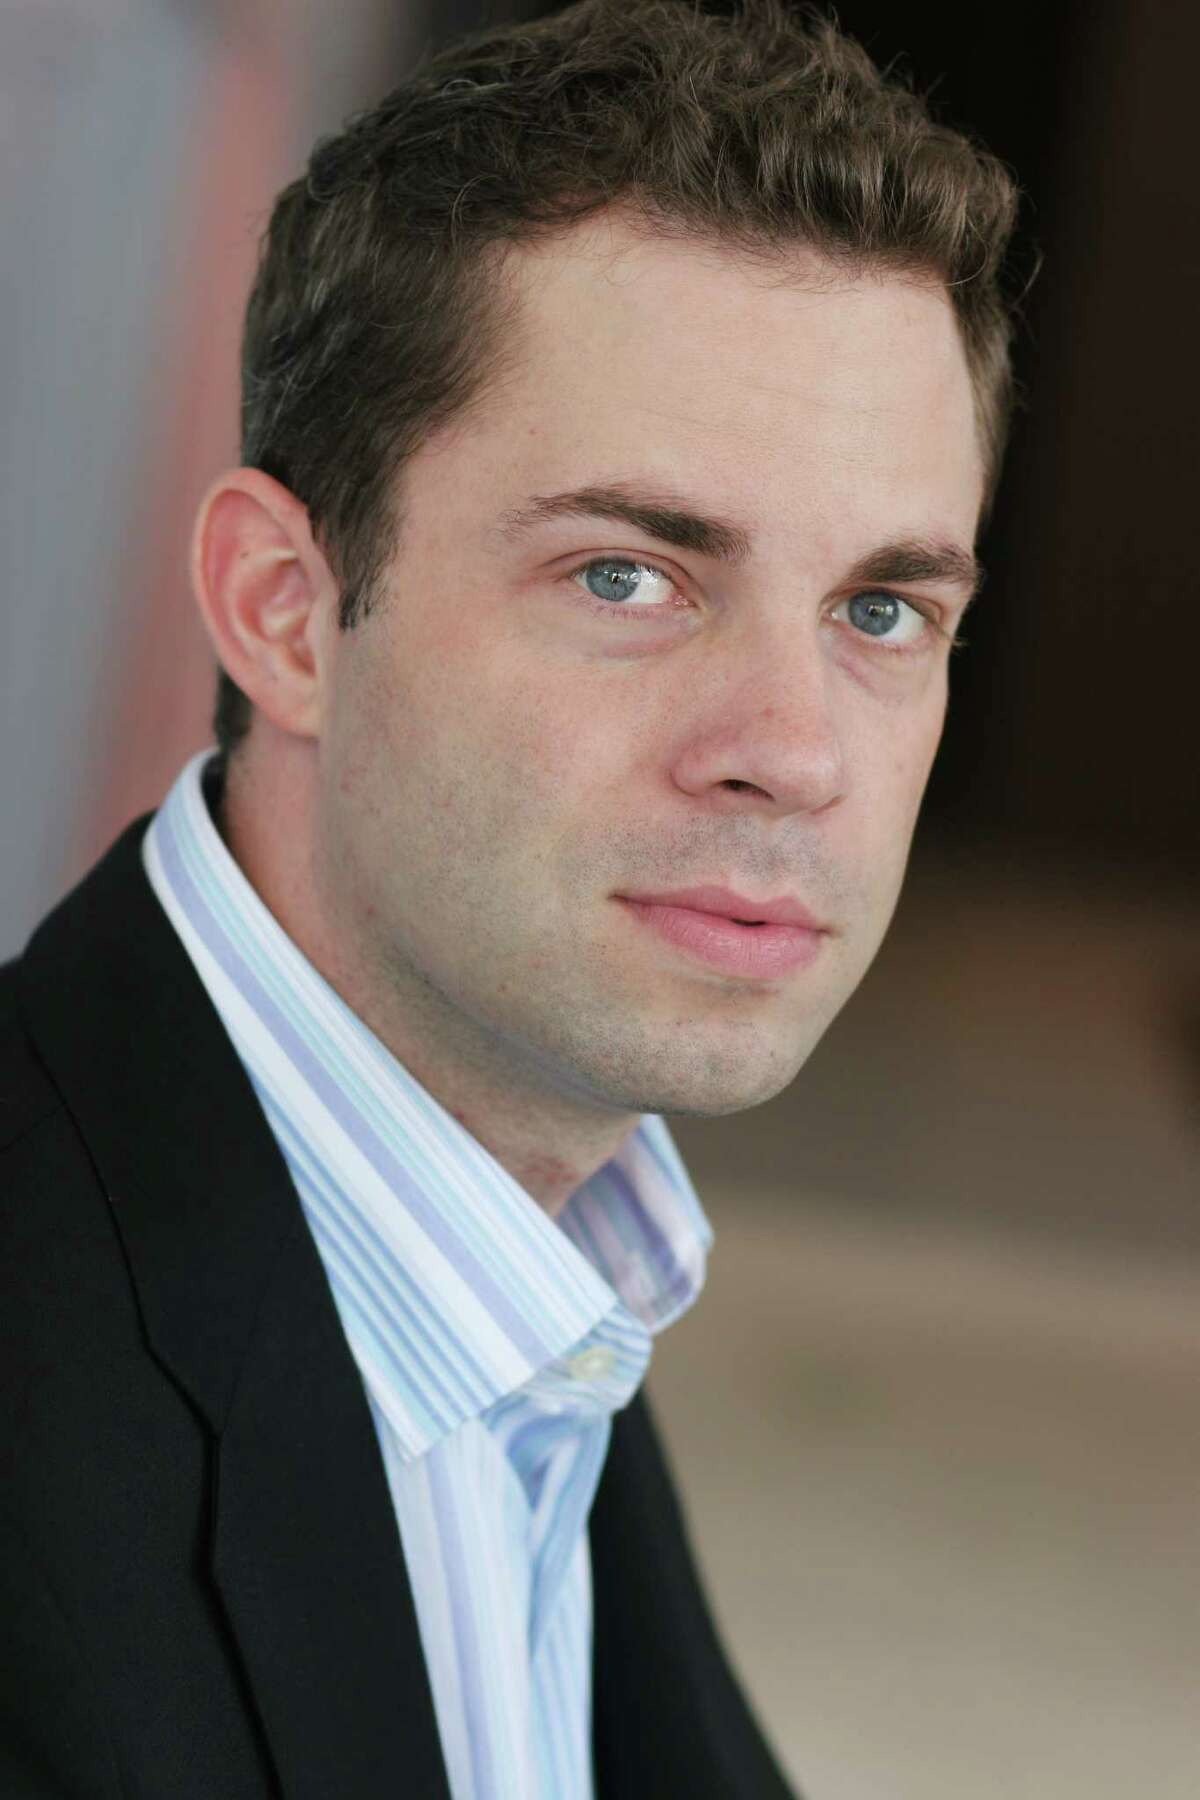 Chad Larabee
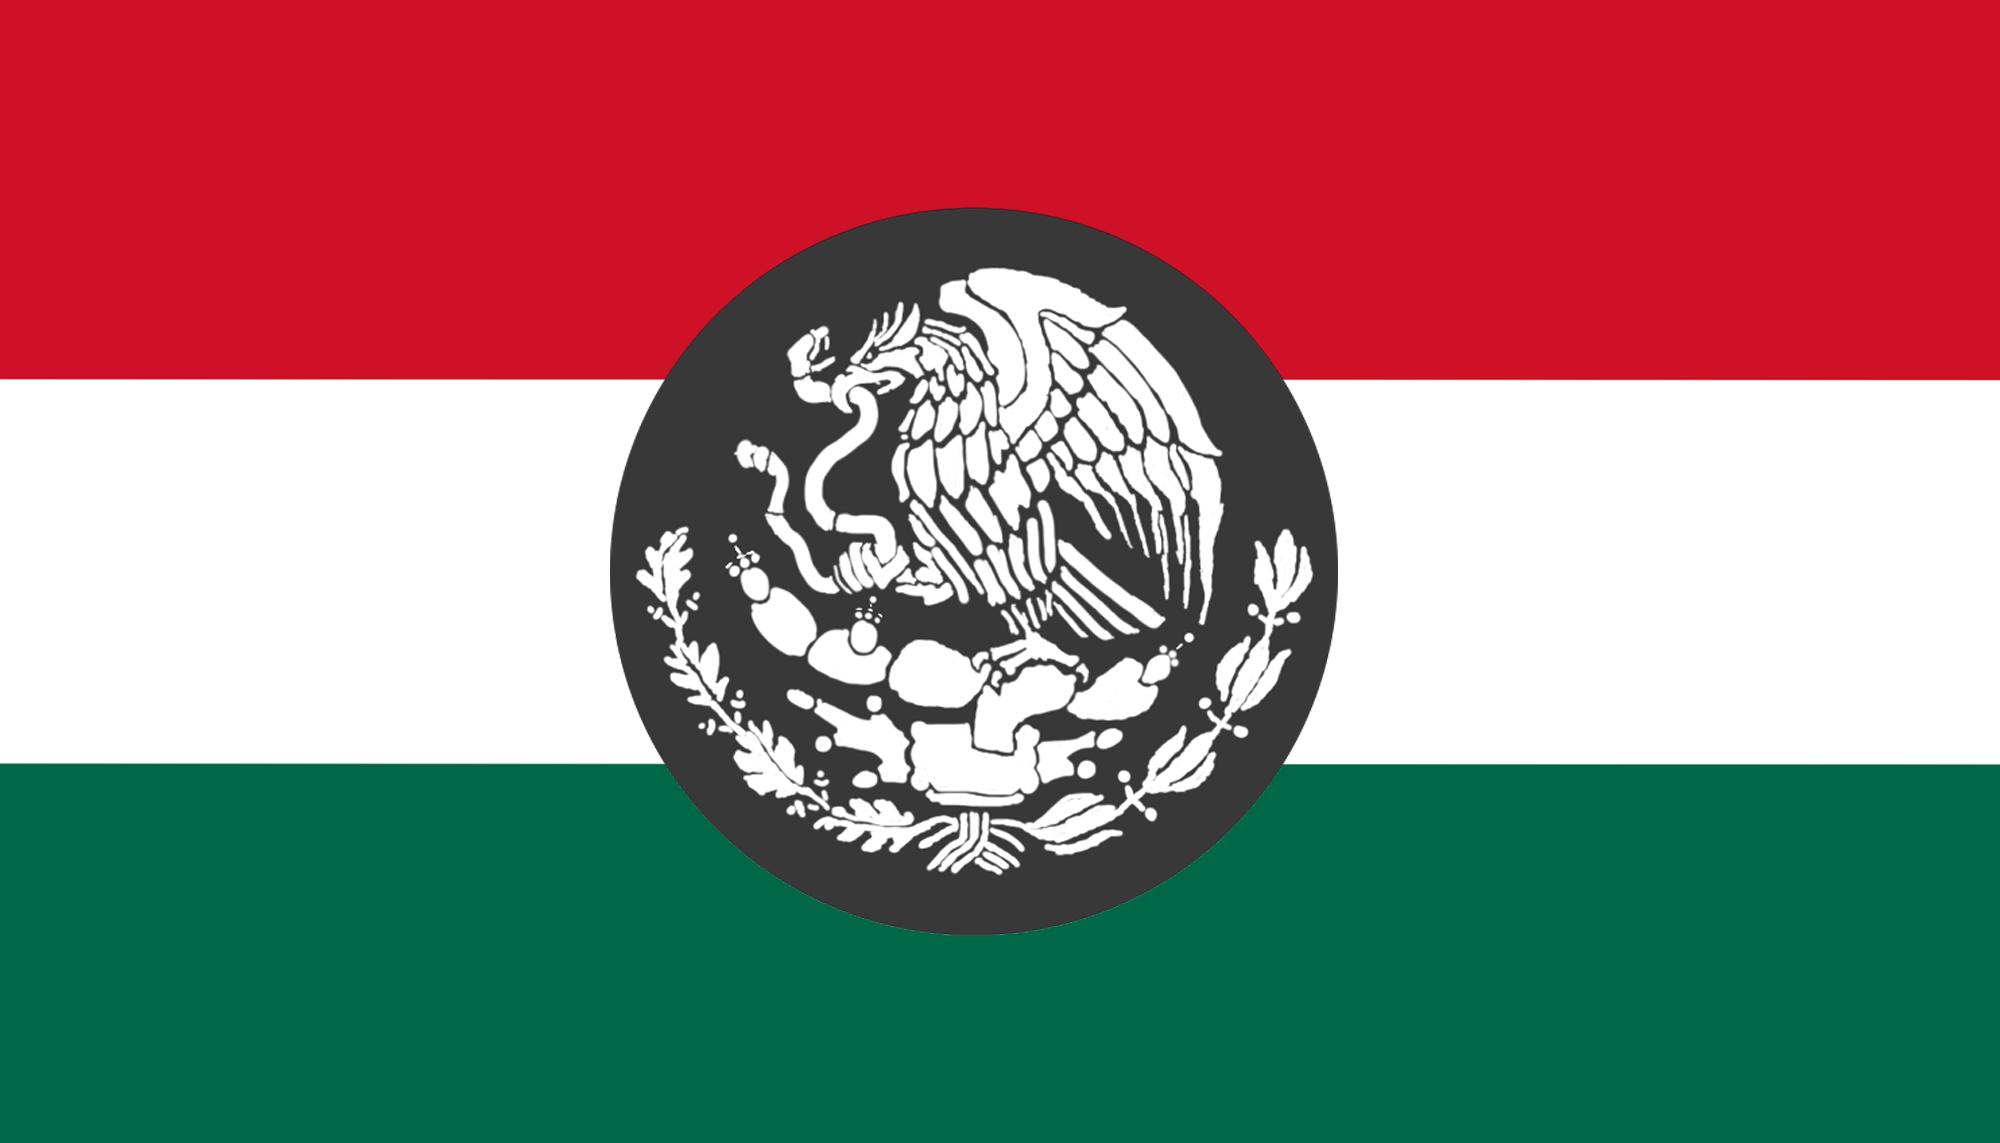 Alternate Flag Of Mexico In 2020 Mexico Flag Flag Mexico
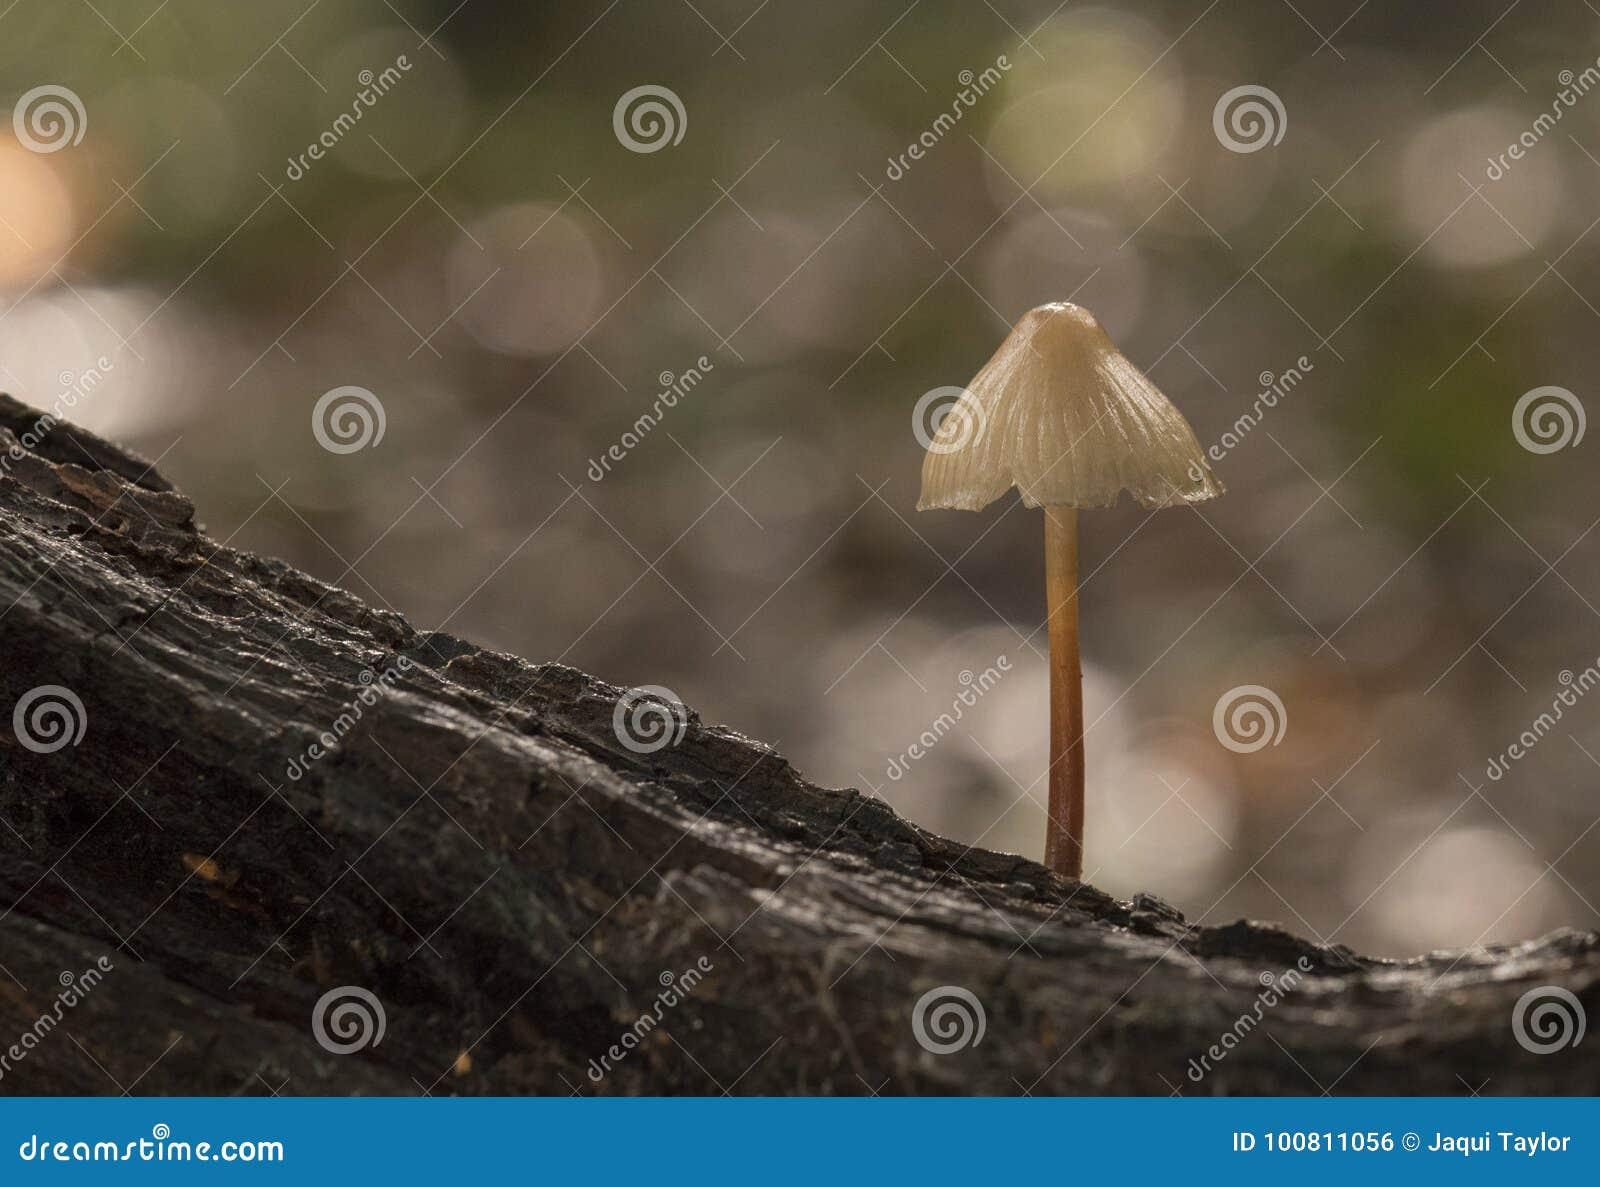 A small mushroom, Southampton Common
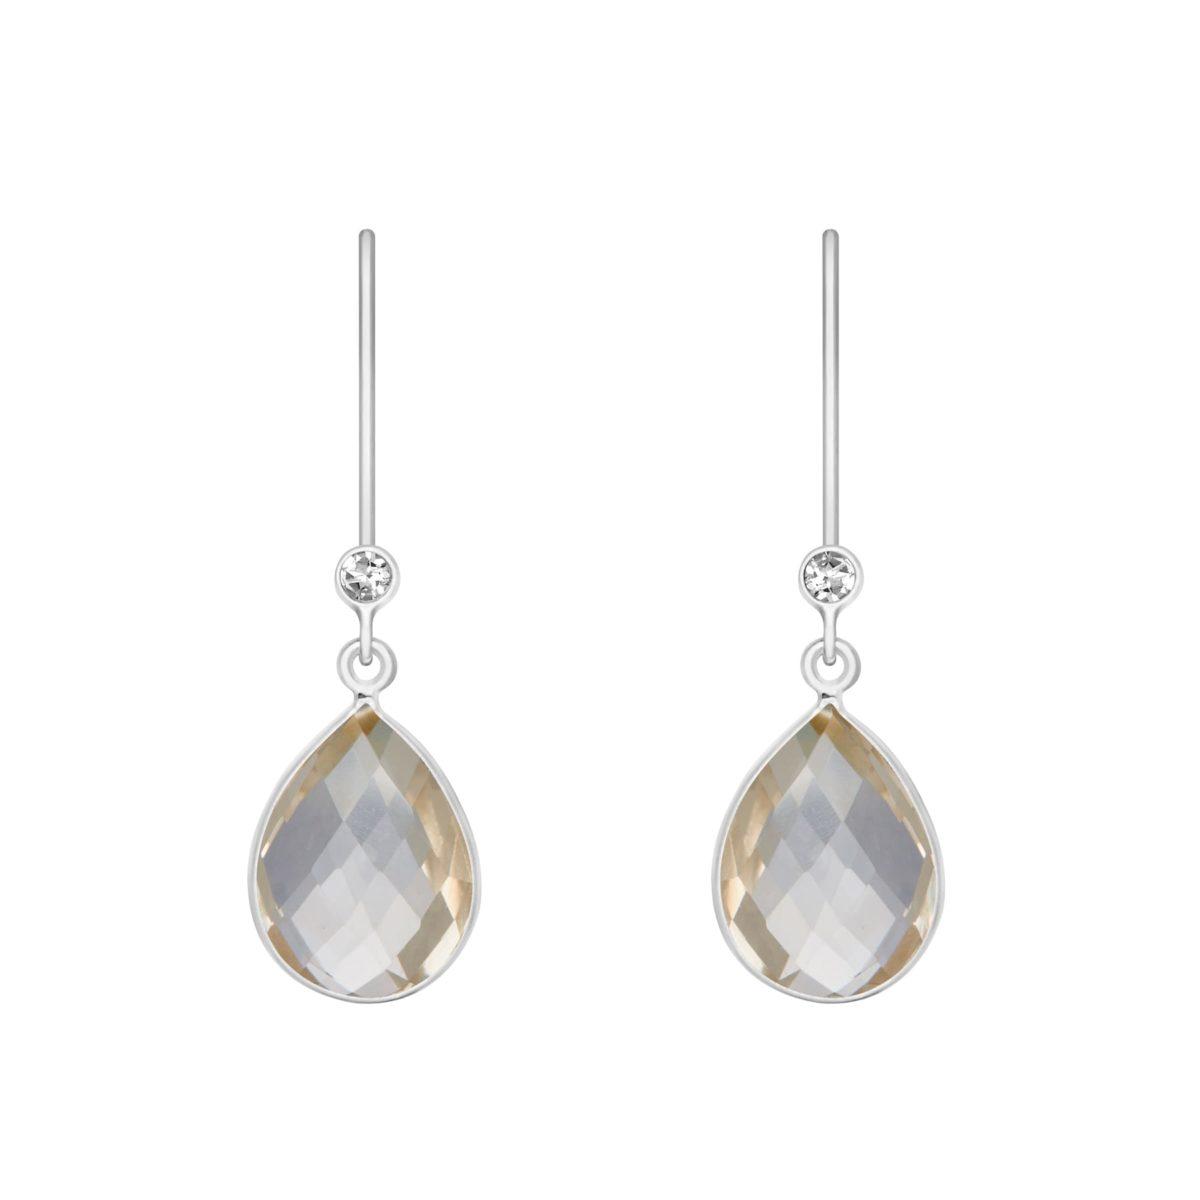 Shakara Jewellery, Droplet-collection-Clear-rock-crystal dangle earring.

☆ ☆ ☆ ☆ ☆

Transcribe the whole listing above exactly and leave out the pictures.

 Chad Larabee
 Alternate Flag Of Mexico In 2020 Mexico Flag Flag Mexico
 A small mushroom, Southampton Common
 Shakara Jewellery, Droplet-collection-Clear-rock-crystal dangle earring.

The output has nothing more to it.